Although Cloud is eating into my savings horribly and i'll be living off of ramen pretty soon i wouldnt give him up for the world. although he has so many health problems i got very very lucky temperment wise  buy from a breeder... always!


----------



## Aleshea (Feb 13, 2009)

I got my first hedgies bella and eddy from breeders but a couple of days ago I went into my local pet store to get mealworms and I saw that the lady had a small albine hedgie is a 10 gallon fish tank with bark bedding like you would use for a lizzard or somthing so i went over to check on iher she was balled up and freezing also realy dirty..I told the lady thast i was not leaving her under her care and she could sell her cheap to me or I would call the aspca well she gave in and now I have 6-7 month old anna but is is so under weight i spent $400 on the emergency vet and will spend more im shure Oh and i called the aspca anyways they are waching her every move now! Please buy from a breeder unless you think you have the time and lots of money to SAVE one from a pet store.


----------



## zoologist (Sep 2, 2008)

as much as you think you saved that poor hedgehog you just made it worse for other hedgehogs. By buying that one she will see that there is a market for them and there is a demand. she will get more hedgehogs to ease the demand, and then those ones will be stuck in the crummy tank


----------



## Aleshea (Feb 13, 2009)

zoologist said:


> as much as you think you saved that poor hedgehog you just made it worse for other hedgehogs. By buying that one she will see that there is a market for them and there is a demand. she will get more hedgehogs to ease the demand, and then those ones will be stuck in the crummy tank


Did you not read the part where I reported her to the aspca she did not have a licence to sell exotics and was fined and being watched. So not only did I SAVE her but I saved Others from Being in her care. this forum has no room for your rude remarks.


----------



## Amy (Feb 11, 2009)

Aleshea- Please do not be so rude yourself. While you may have done a good thing, most of the time buying with the intention to "save" an animal does not pan out as you might hope. Zoologist made that comment because you didn't mention the fine the pet store incurred because of your call. Your first post sounded as if you bought the animal then made a phone call. It never said anyone took any action. SO-


> this forum has no room for your rude remarks.


----------



## Aleshea (Feb 13, 2009)

SORRY zoologist  I just care a great deal about animals! I dont mean to be rude I get defencive sometimes! I am just glad the pet shop got what it deserved.


----------



## Nancy (Aug 22, 2008)

Be polite folks. 

Although it is very difficult to walk away from a hedgehog in need, buying them is never a good idea as it creates an opening for another and the store is more likely to bring in another because that one sold. Even being sick it sold and if one person bought a sick one, there will be another person that will feel sorry and buy a sick one too. 

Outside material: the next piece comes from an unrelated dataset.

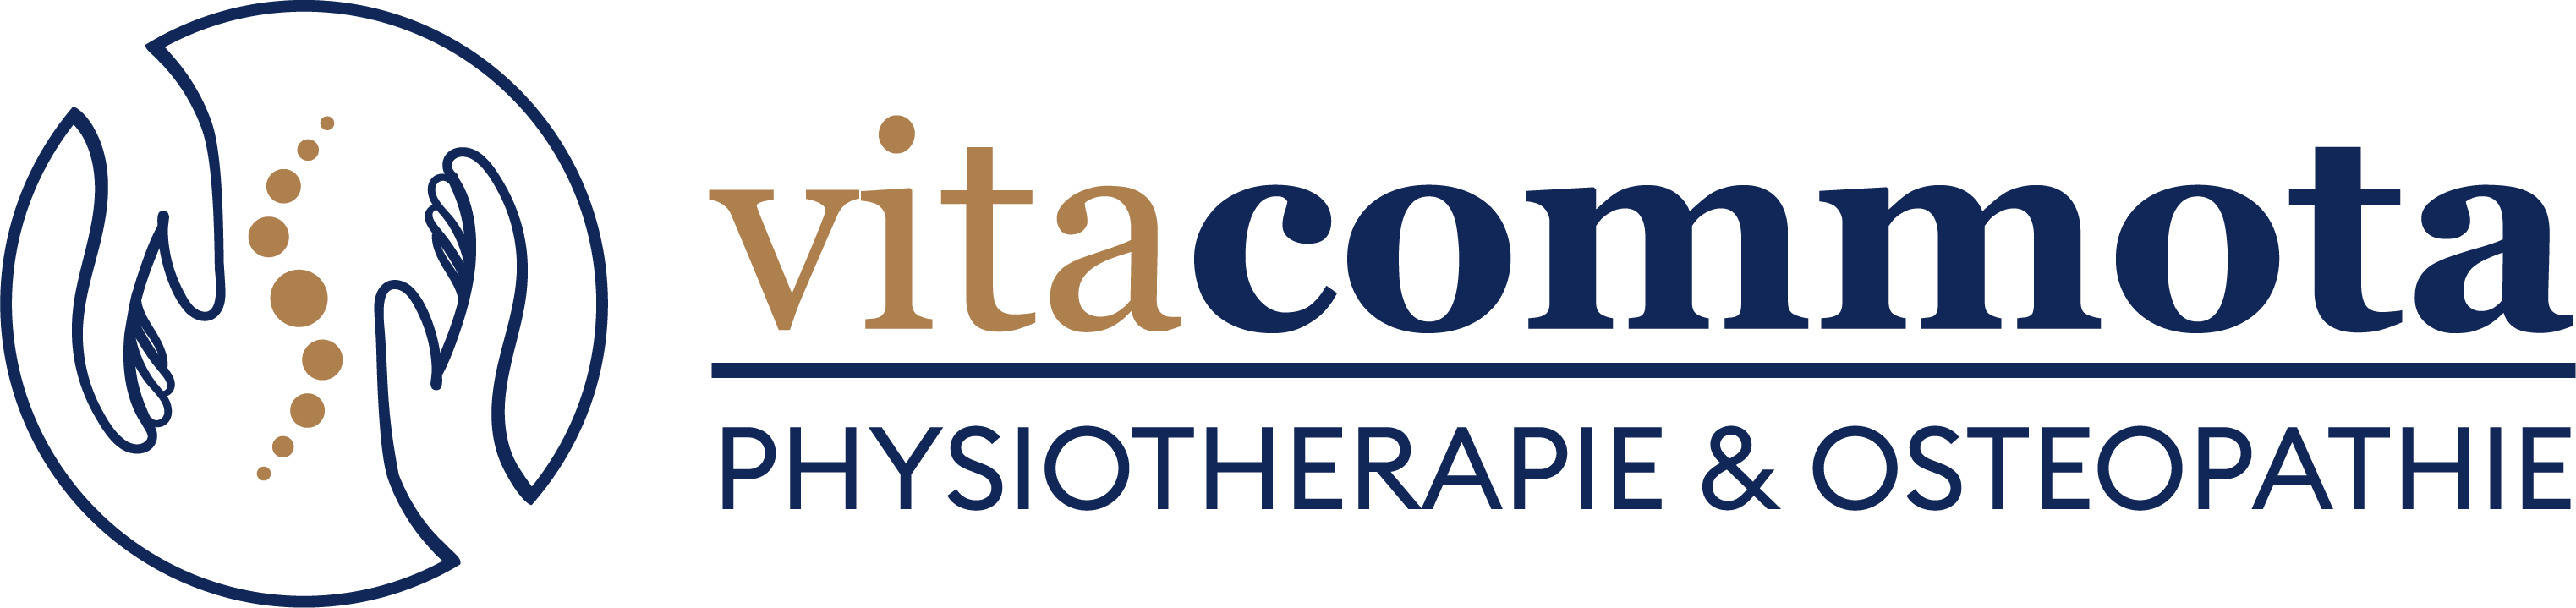 Vita Commota – Physiotherapie und Osteopathie

Although it is difficult to walk away, it is best to leave the hedgehog there and phone the SPCA.


----------



## Aleshea (Feb 13, 2009)

Im not tring to be rude but She would have been dead before they got there and then I would have not had any proof atleast this way I had prof a purchase and pics also the vet did a statment for me on her condition so that helped the aspca to get her on trouble. Dont get me wrong I am not saying this is always a good idea to do and if I thought she would be ok I would have left her then called.. also I knew I had the time and Money to help Her get better but please dont just go out and and think you can save one too becasue I got lucky! Not all will


----------



## sagesmommy (Sep 25, 2008)

I know how hard it is just to walk away from an animal in need. Honestly , I probably would not have been able to do it myself. My heart just breaks , and i figure if I don't get it , someone who knows about the animal and will know what to do to care for it someone that doesn't know anything might take it and it might not be cared for .


----------



## azyrios (Feb 2, 2009)

i agree with nancy. I had a friend who just last weekend walked into a pet store and almost bought a hedgehog. The only reason she didn't was because no one came to ask her if she wanted help with anything. She told me about the hedgehog so i went to take a look at it.

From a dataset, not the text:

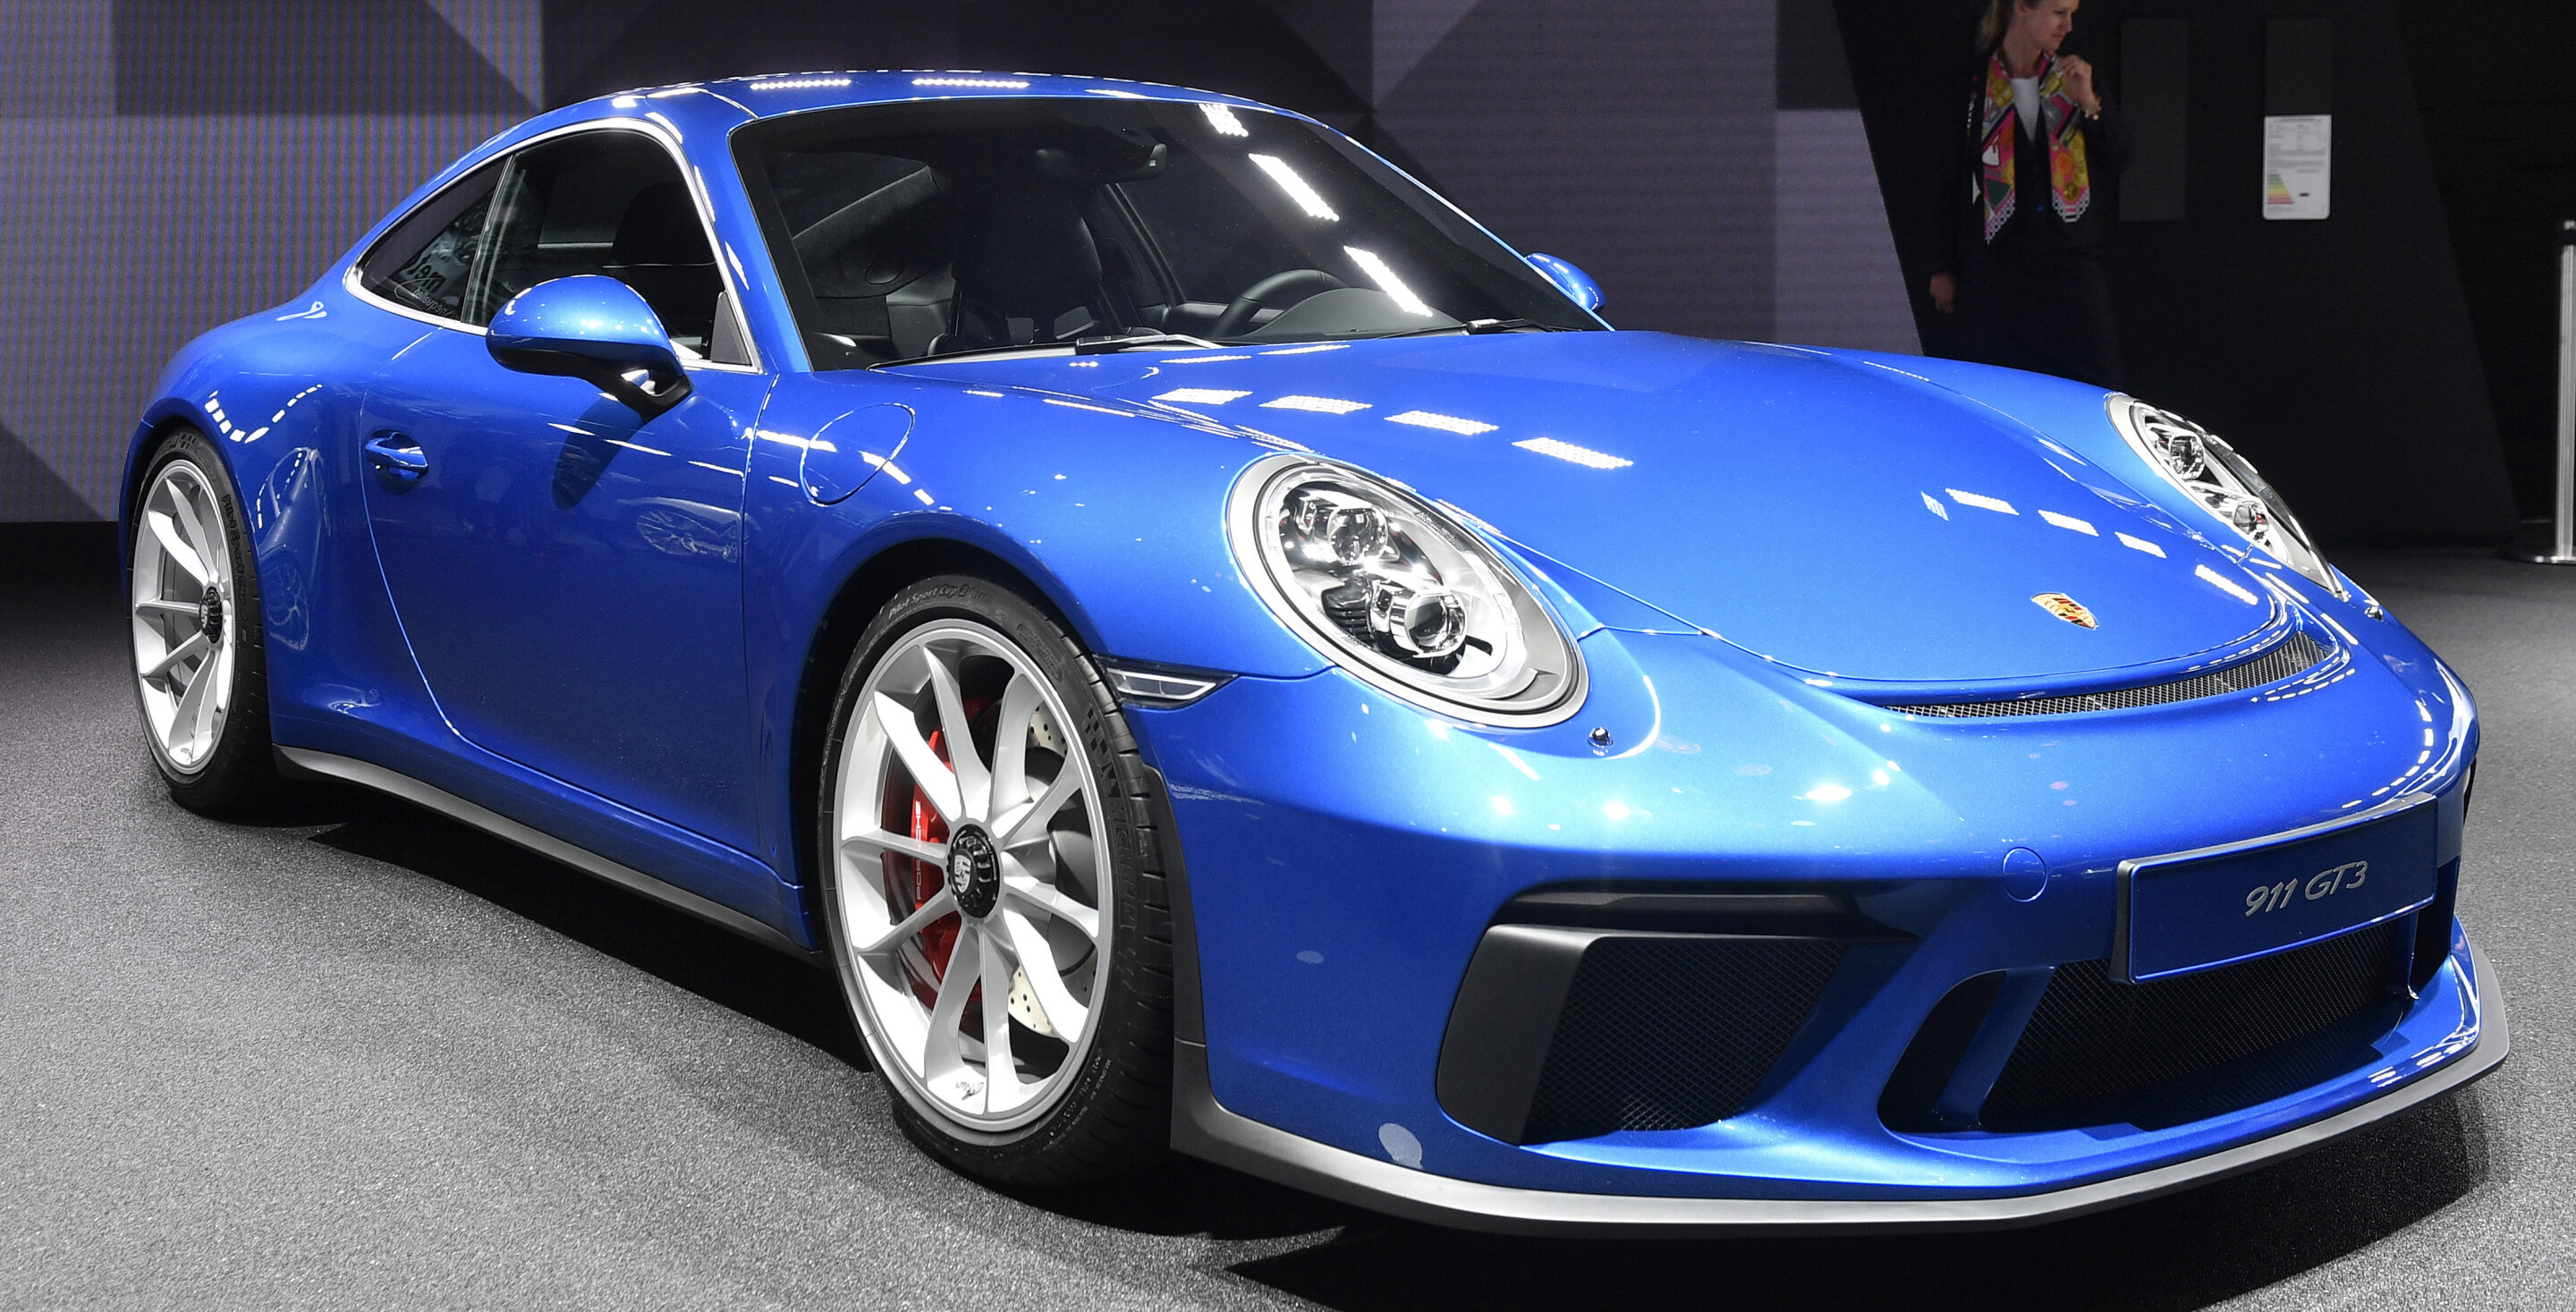 Volkswagen’s offering of Porsche shares nears completion

They had the hedgehog cage next to the cold water fish tank, and the inside of the cage was much below 70*F just from feel (it had a chilled wall next to it, it was cold to the touch).
The hedgehog did not have hidey hole so the hedgehog stacked all of it's shavings on one corner of it's cage and and burrowed out a hole for itself. The hedgehog was being fed a chinchilla food (not sure of what it was) and was provided water from a water bottle (which is fine). The hedgehog had a 6 inch wire wheel for a hamster and from the look of the hog it was severely underweight. The sides of the hedgehog were ) ( as opposed to | | or ( ). If that wasn't enough the bottom of the age had wire above a plastic bottom so that they could just take the tray out to change the shavings.

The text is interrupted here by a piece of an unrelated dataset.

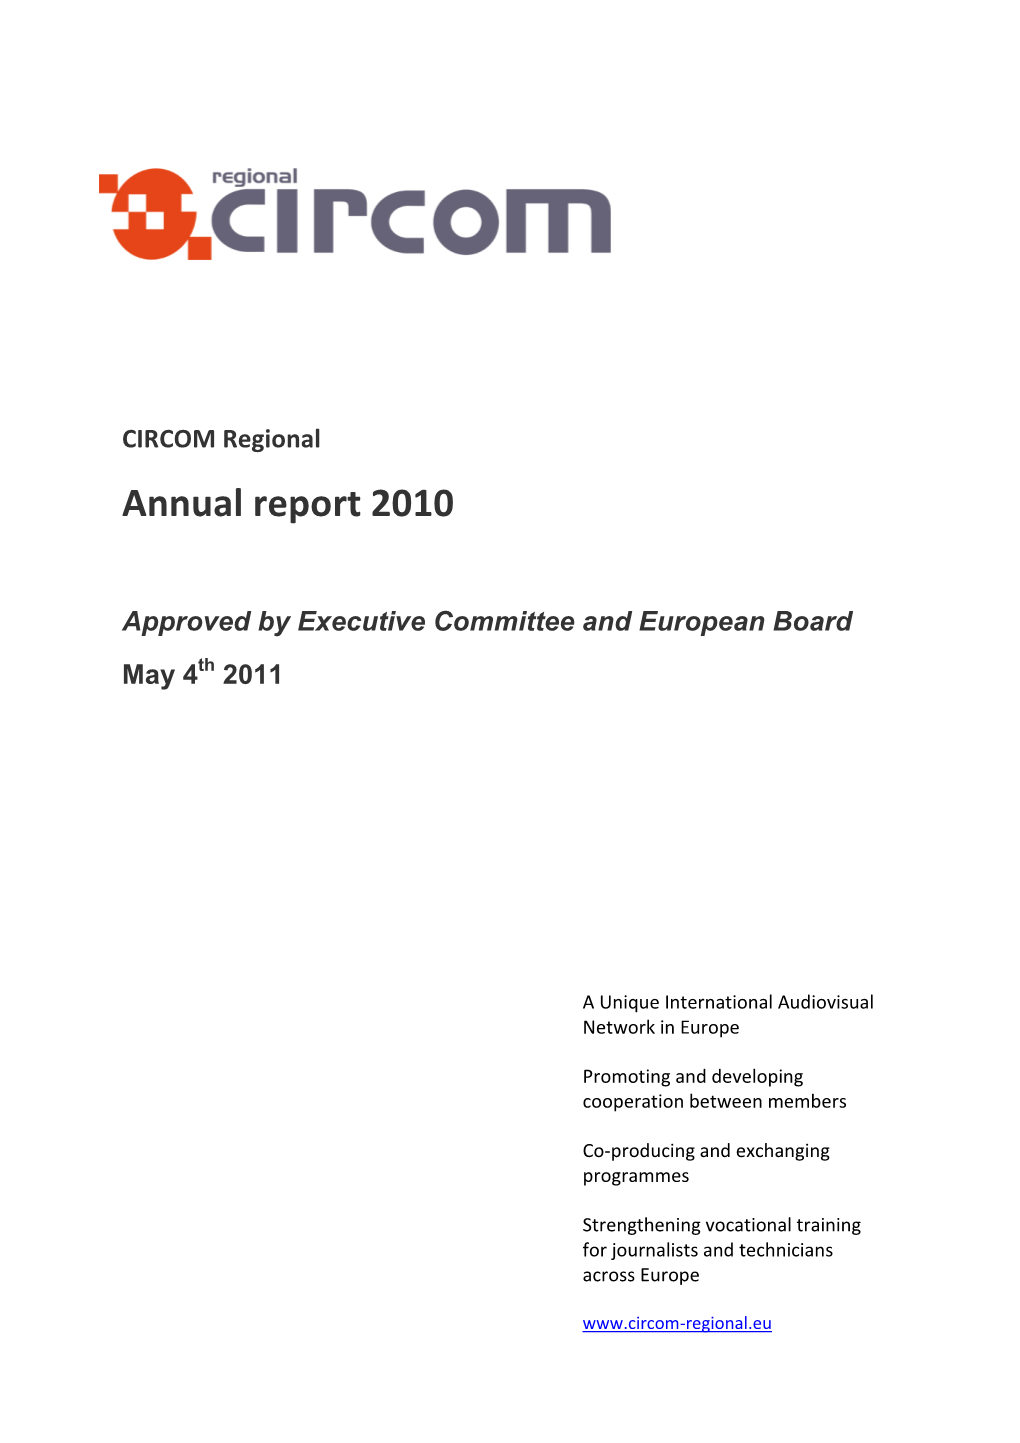 Circom Regional Annual Report 2010 FINAL 050611

When i asked to see the hedgehog they reached in with big leather gloves and wanted me to put them on as well since he was a poppy little ball of spikes. I said no to the gloves and put him in my hand. As soon as he hit my hands he ran up to my chest and snuggled into my shirt. The staff was shocked that he unballed in my hands and that i wasn't screaming in terror at the spikes. He did pee on me, but i wasn't to angry with him, i just got a towel and wrapped him in it. I put him and the towel on the table and he snuffed around in it profusely as if he had never had something like this to play with before. He was the cutest little albino i had ever seen, and i was about to storm out of the store with him cussing at them for how he was treated, but i couldn't afford to take care of him or provide him with a good home. I talked to the staff and they thought it was to be fed like a hamster and that they didn't touch it. I bought a comfort wheel (only one in the store that was safe) and a small bag of cat food and an igloo and forced the staff to place it in his cage and informed them to give it to whoever bought the hedgie. I also told them to keep a towel in there for him and provide a solid bottom for his cage. After about an hour and a half in there, and a very embarrassed girlfriend i finally left after being asked to leave the premises multiple times.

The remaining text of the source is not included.